Thursday, December 29, 2011

Packaging In Java


Create a shapes package with classes Point, Circle, Rectangle, and Square. Of those classes, ensure that Point is the only class not accessible outside its package. Use implementation inheritance to derive Circle from Point and Rectangle from Square. Provide an Area interface with a double getArea() method that returns the area of a Circle, a Square, or a Rectangle. Once you finish creating the package, create a TestShapes program that imports class and interface names from shapes, creates objects from shape classes, and computes the area of the shape each object represents. After compiling and running TestShapes (successfully), move shapes to another location on your hard drive and change classpath so that a second attempt to run TestShapes results in the same output as the previous run.
Complete the following steps:
1.      Ensure no classpath environment variable exists.
2.      Create a shapes directory.
3.      Copy the following source code into an Area.java file that appears in shapes:
// Area.java
package shapes;
public interface Area
{
   double getArea ();
}

4.      Copy the following source code into a Circle.java file that appears in shapes:
// Circle.java
package shapes;
public class Circle extends Point implements Area
{
   private int radius;
   public Circle (int x, int y, int radius)
   {
      super (x, y);
      this.radius = radius;
   }
   // Why do I need to redeclare getX () and getY ()? Hint: Comment
   // out both methods and try to call them from TestShapes.
   public int getX () { return super.getX (); }
   public int getY () { return super.getY (); }
   public int getRadius () { return radius; }
   public double getArea () { return 3.14159 * radius * radius; }
}

5.      Copy the following source code into a Point.java file that appears in shapes:
// Point.java
package shapes;
class Point
{
   private int x, y;
   Point (int x, int y)
   {
      this.x = x;
      this.y = y;
   }
   int getX () { return x; }
   int getY () { return y; }
}

6.      Copy the following source code into a Rectangle.java file that appears in shapes:
// Rectangle.java
package shapes;
public class Rectangle extends Square
{
   private int length;
   public Rectangle (int width, int length)
   {
      super (width);
      this.length = length;
   }
   public int getLength () { return length; }
   public double getArea () { return getWidth () * length; }
}

7.      Copy the following source code into a Square.java file that appears in shapes:
// Square.java
package shapes;
public class Square implements Area
{
   private int width;
   public Square (int width)
   {
      this.width = width;
   }
   public int getWidth () { return width; }
   public double getArea () { return width * width; }
}

8.      Copy the following source code into a TestShapes.java file that appears in shapes's parent directory:
// TestShapes.java
import shapes.*;
class TestShapes
{
   public static void main (String [] args)
   {
      Area [] a = { new Circle (10, 10, 20),
                    new Square (5),
                    new Rectangle (10, 15) };
      for (int i = 0; i < a.length; i++)
           System.out.println (a [i].getArea ());
   }
}

9.      Assuming the directory that contains TestShapes.java is the current directory, execute javac TestShapes.java to compile TestShapes.java and all files in the shapes directory.
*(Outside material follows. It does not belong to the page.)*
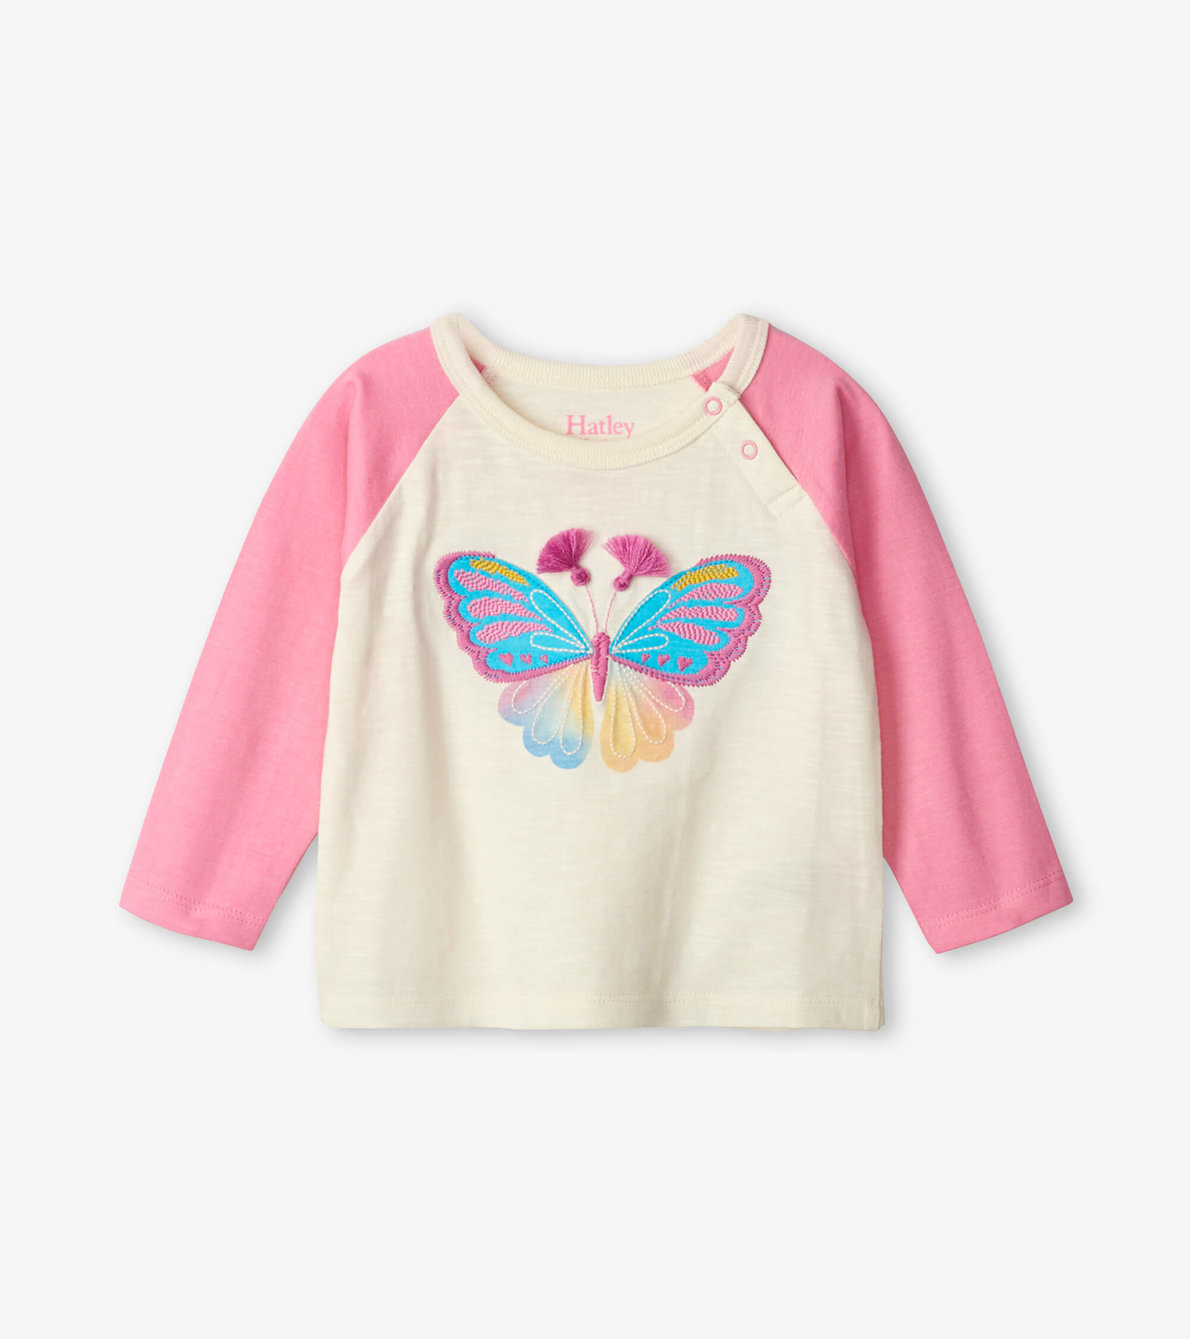 View larger image of Butterfly Raglan Baby Tee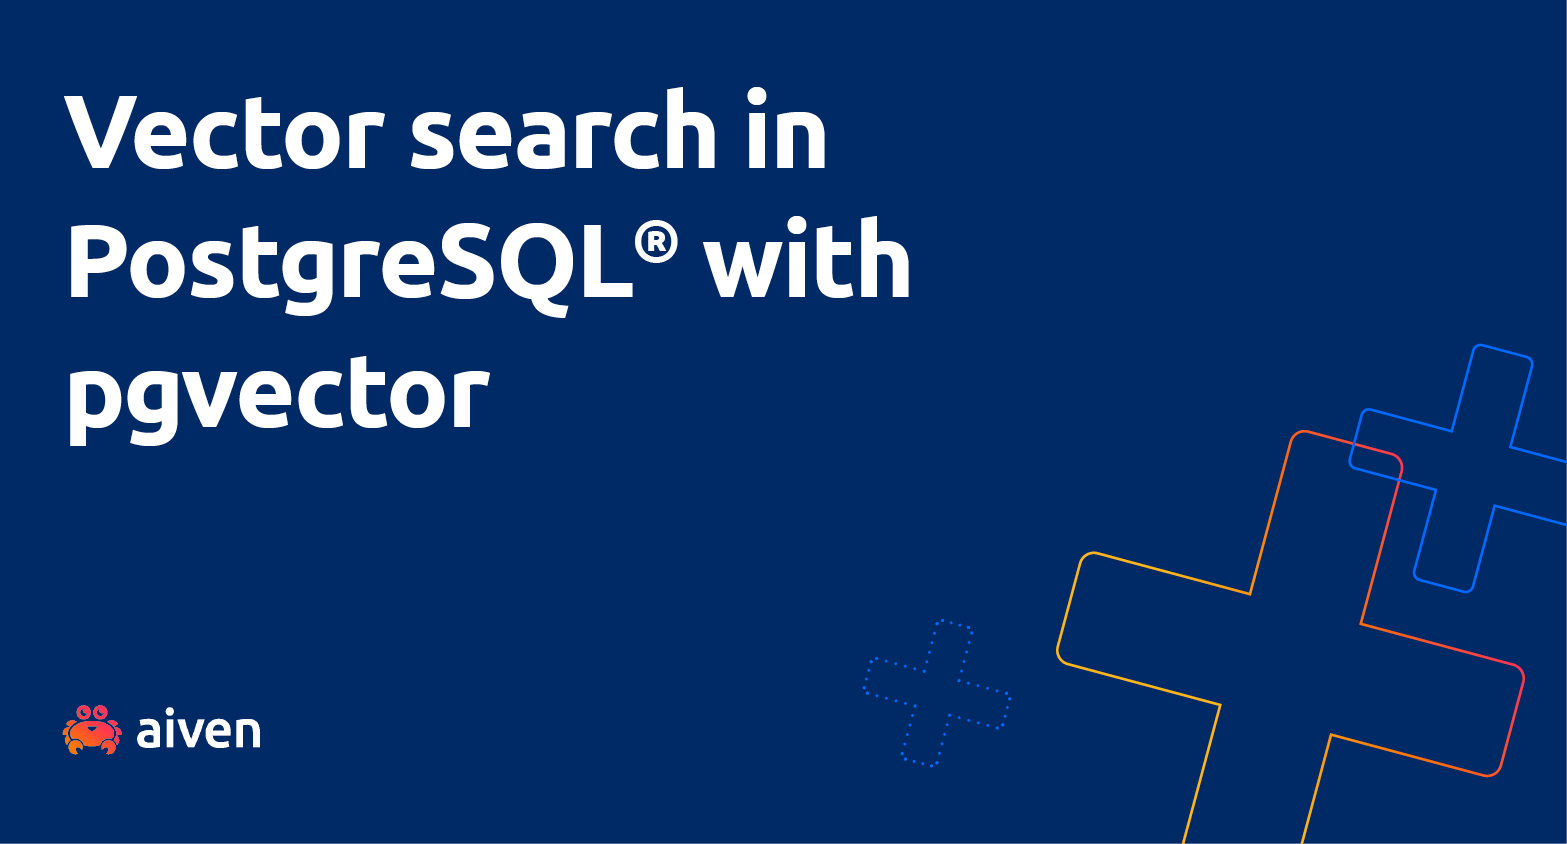 Vector Search in Aiven for PostgreSQL® with pgvector

Then execute java TestShapes to run this application.
10.  Move shapes to another directory and set classpath to refer to that directory and the current directory. For example, under Windows, move shapes \temp moves shapes into the temp directory. set classpath=\temp;. points classpath to the temp directory (just below the root directory) and current directory so java TestShapes still runs.